London Rain – Louis MacNeice

This year many of the the poets visited in our U3A (University of Third Age) sessions have had some connection with religious ministry. When you come to think about it it is not surprising. Ministers are thought-full people – don’t you think!

Louis MacNeice was no exception. His father was a Protestant minister who later became a bishop of the Anglican Church of Ireland. Below is Louis MacNeice’s poem ‘London Rain’, written at a time of conflict in Europe. He wrestles with thoughts on God as he looks out late at night on the rain. Sharing my comments which are shown in italics after each stanza.

 London Rain

The rain of London pimples
The ebony street with white
And the neon lamps of London
Stain the canals of night
And the park becomes a jungle
In the alchemy of night.

London night-time rain … I love that word pimples and the catch of light in the pimple from the street lamps … ebony = rich dark black wood … giving a little gloss to the dark … and there is a whole new mapping of the streets … as in a chemical reaction …the light staining, leaving it’s mark

My wishes turn to violent
Horses black as coal–
The randy mares of fancy,
The stallions of the soul–
Eager to take the fences
That fence about my soul.

This looks like dissatisfaction on where he is in life … in terms of violent horses … he wants to break free … and this may be a spiritual unrest when we look at later stanzas

Across the countless chimneys
The horses ride and across
The country to the channel
Where warning beacons toss,
To a place where God and No-God
Play at pitch and toss.

Well his thoughts travel across the channel to the war and this occupies his mind … God and No-God (the Good and the Bad) playing pitch and toss = a game of skill and chance

Whichever wins I am happy
For God will give me bliss
But No-God will absolve me
From all I do amiss
And I need not suffer conscience
If the world was made amiss.

He is talking about the God/No-God battle going on in his mind. If there is a God – everything will be OK and if No-God then it doesn’t matter about all the conscience problems … these are his on-going thoughts as he watches the rain … his logic…dare I say late-night logic!

Under God we can reckon
On pardon when we fall
But if we are under No-God
Nothing will matter at all,
Adultery and murder
Will count for nothing at all.

Expounding his thoughts from the previous stanza … bad behaviour will not matter … no accountability… and under God we will be absolved of all our missdemeanours.

So reinforced by logic
As having nothing to lose
My lust goes riding horseback
To ravish where I choose,
To burgle all the turrets
Of beauty as I choose.

So his logic suggests to him that this horse can ride amuck with no consequence … taking the No-God ride so to speak … and using this to justify any course of action

But now the rain gives over
Its dance upon the town,
Logic and lust together
Come dimly tumbling down,
And neither God nor No-God
Is either up or down.

It looks as though it has stopped raining for a while … and in sync. with this his God/No-God thinking seems to fall away too … well it is late night and he is a little confused

The argument was wilful,
The alternatives untrue,
We need no metaphysics
To sanction what we do
Or to muffle us in comfort
From what we did not do.

The argument was very wilful = headstrong … and indeed ‘we need no metaphysics = abstract thinking’ … and in his case no ‘God/No-God’ thoughts to work out what we should be doing or to justify our actions. (I might add that those that shout God is on our side are often using God to justify their ungodly actions.)

Whether the living river
Began in bog or lake,
The world is what was given,
The world is what we make.
And we only can discover
Life in the life we make.

Bog and lake are references to his Irish / English heritage.

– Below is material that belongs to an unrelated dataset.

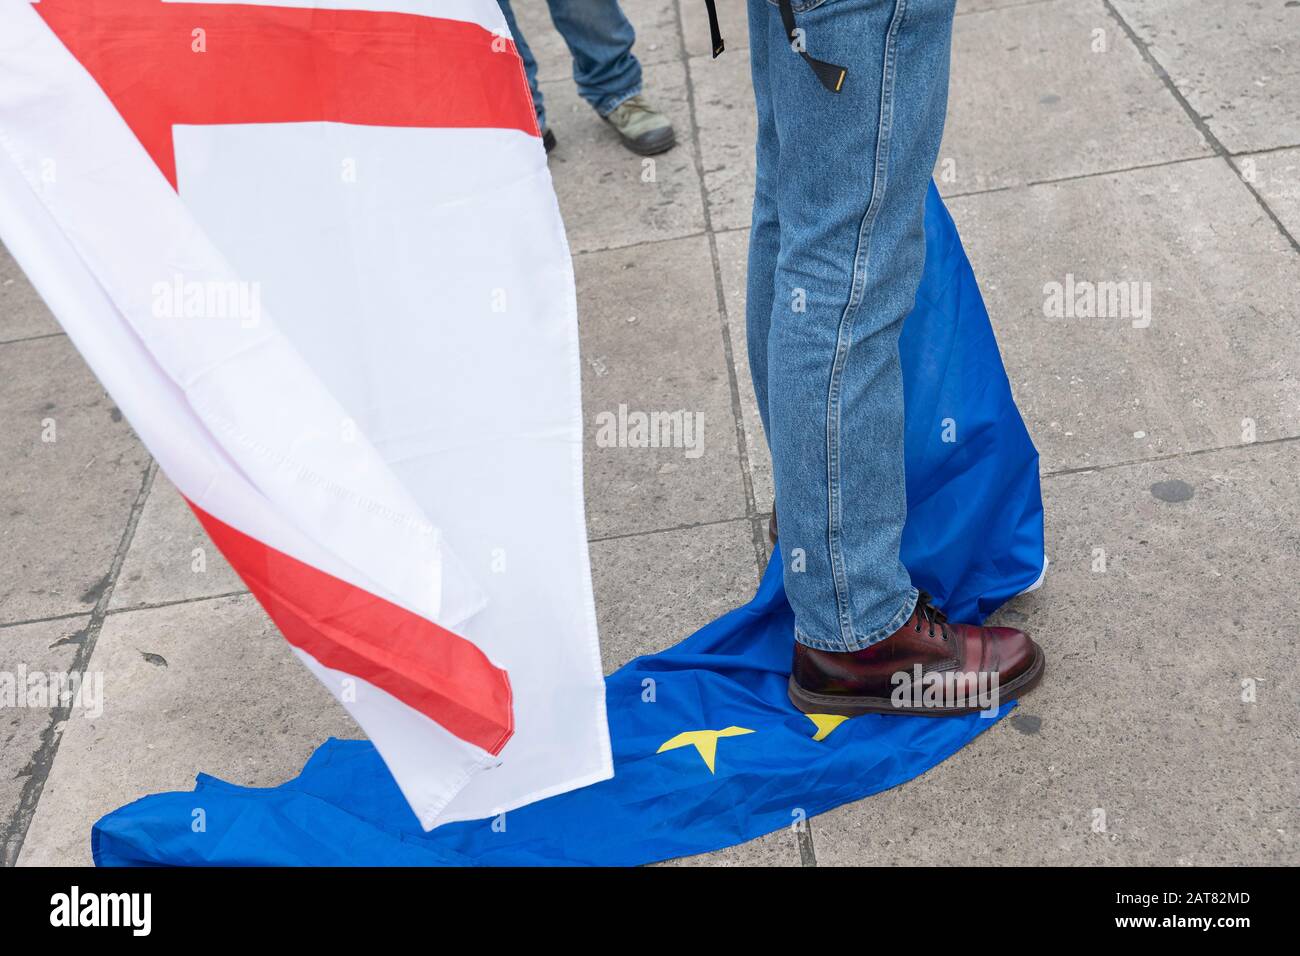 Londres, Royaume-Uni 31 janvier 2020. Un militant pro-Brexit se tenant sur un drapeau de l'Union européenne à la place du Parlement le jour où la Grande-Bretagne quitte officiellement l'UE Banque D'Images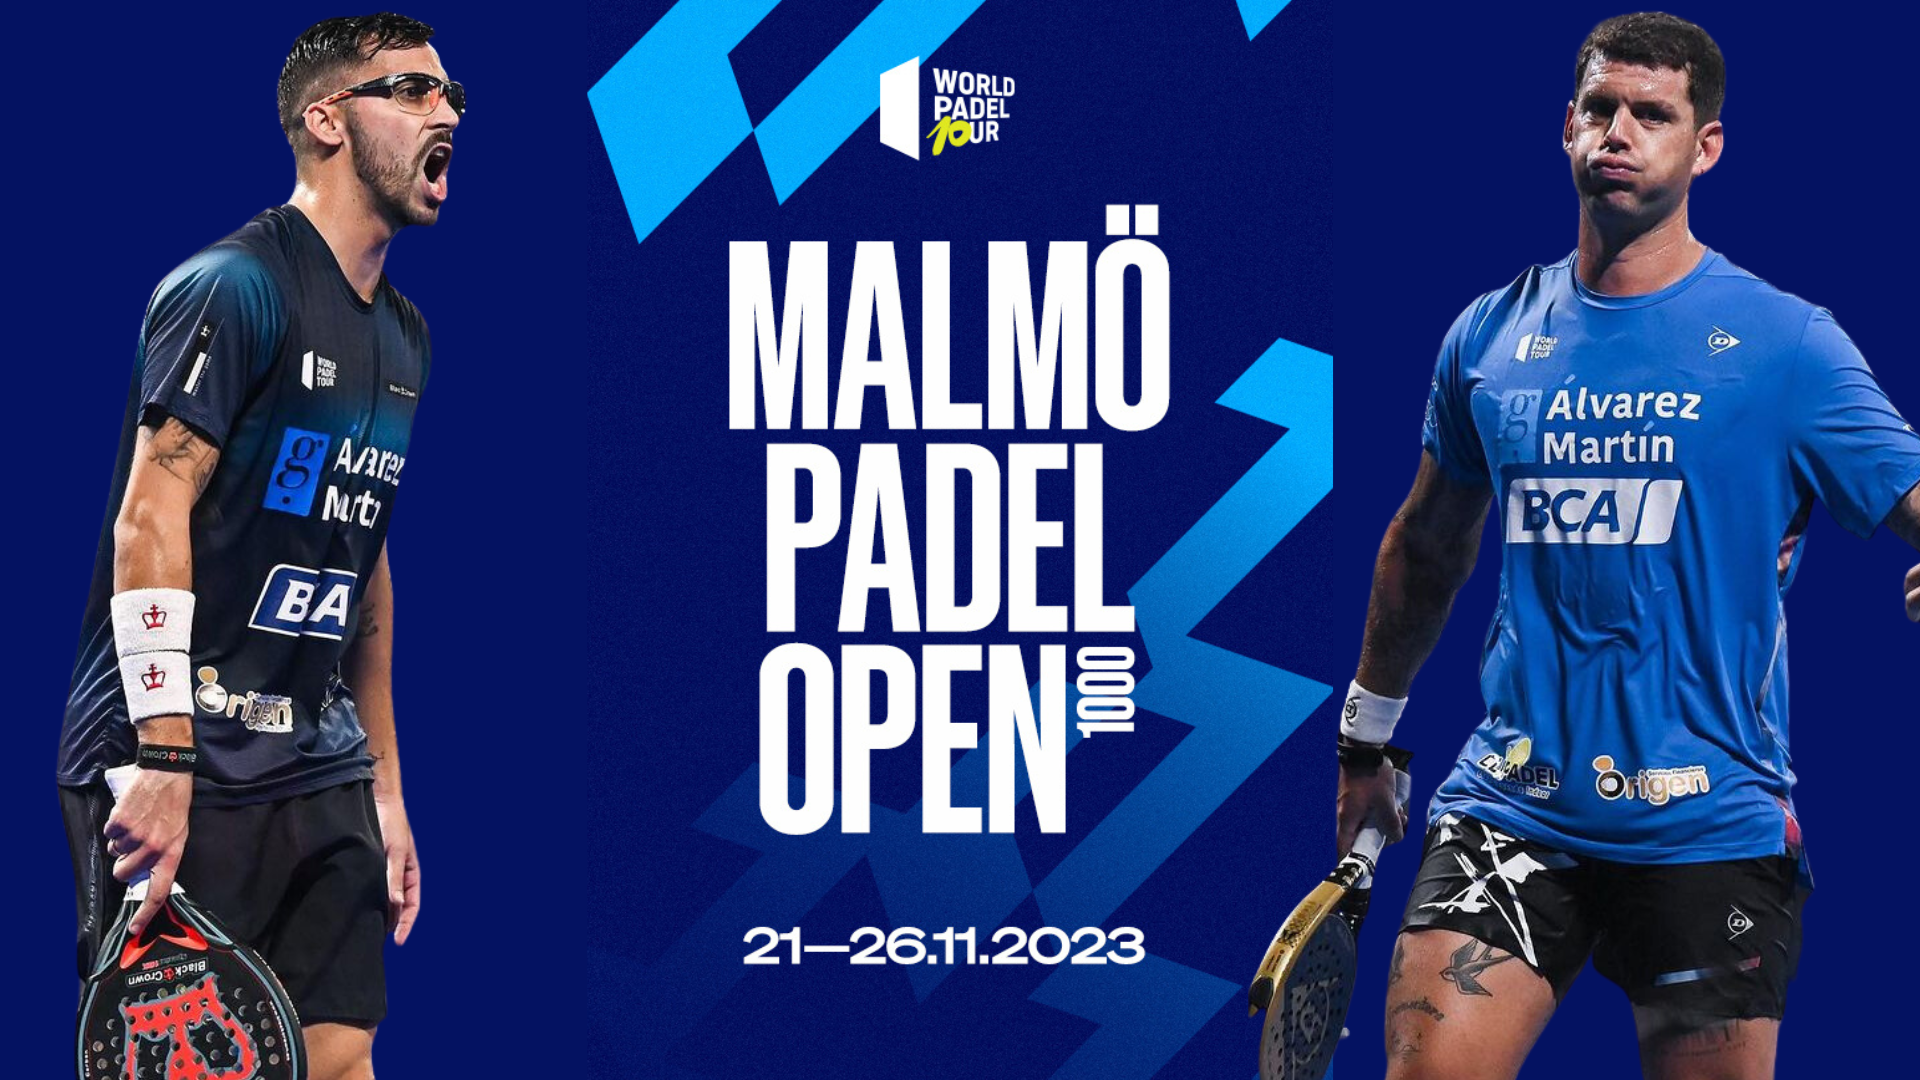 WPT Malmö Open – I tavoli sono chiusi, Moyano e Gil non saranno contenti…

For me this is the key stanza … it is up to us to make what we will of the world, of this gift … and we can only discover how we should live in living life. In a sense it is up to us – our responsibility to create our own God (and if we do happen to believe in an external God then perhaps our understanding of God may come clearer). Focus on the gift of the present, the here and now…don’t worry about what is happening overseas!

So let the water sizzle
Upon the gleaming slates,
There will be sunshine after
When the rain abates
And rain returning duly
When the sun abates.

Well, rain and sun one will follow the other in an endless cycle (good and bad) – that is the way of the world and we have to accept it – (hopefully life improves over time!)

My wishes now come homeward,
Their gallopings in vain,
Logic and lust are quiet,
And again it starts to rain;
Falling asleep I listen
To the falling London rain.

His mind is now back on where he is … in his room looking out on the falling rain … the logic/lust distraction of thought in vain … and the wild horses that took his thoughts away at the beginning of the poem bring him home again … he notices it has started to rain again … falling rain and enough thinking for one night falls asleep… let’s hope he has pleasant dreams!

(The rhyming scheme is a b c b d b – with a repeat end word in lines four and six of each stanza).

2 thoughts on “London Rain – Louis MacNeice

  1. Reblogged this on penwithlit and commented:
    I very much like the poetry of MacNeice and return to it often. I like poems about the rain as well notably the stunning “A Description of a London Shower” by Jonathan Swift.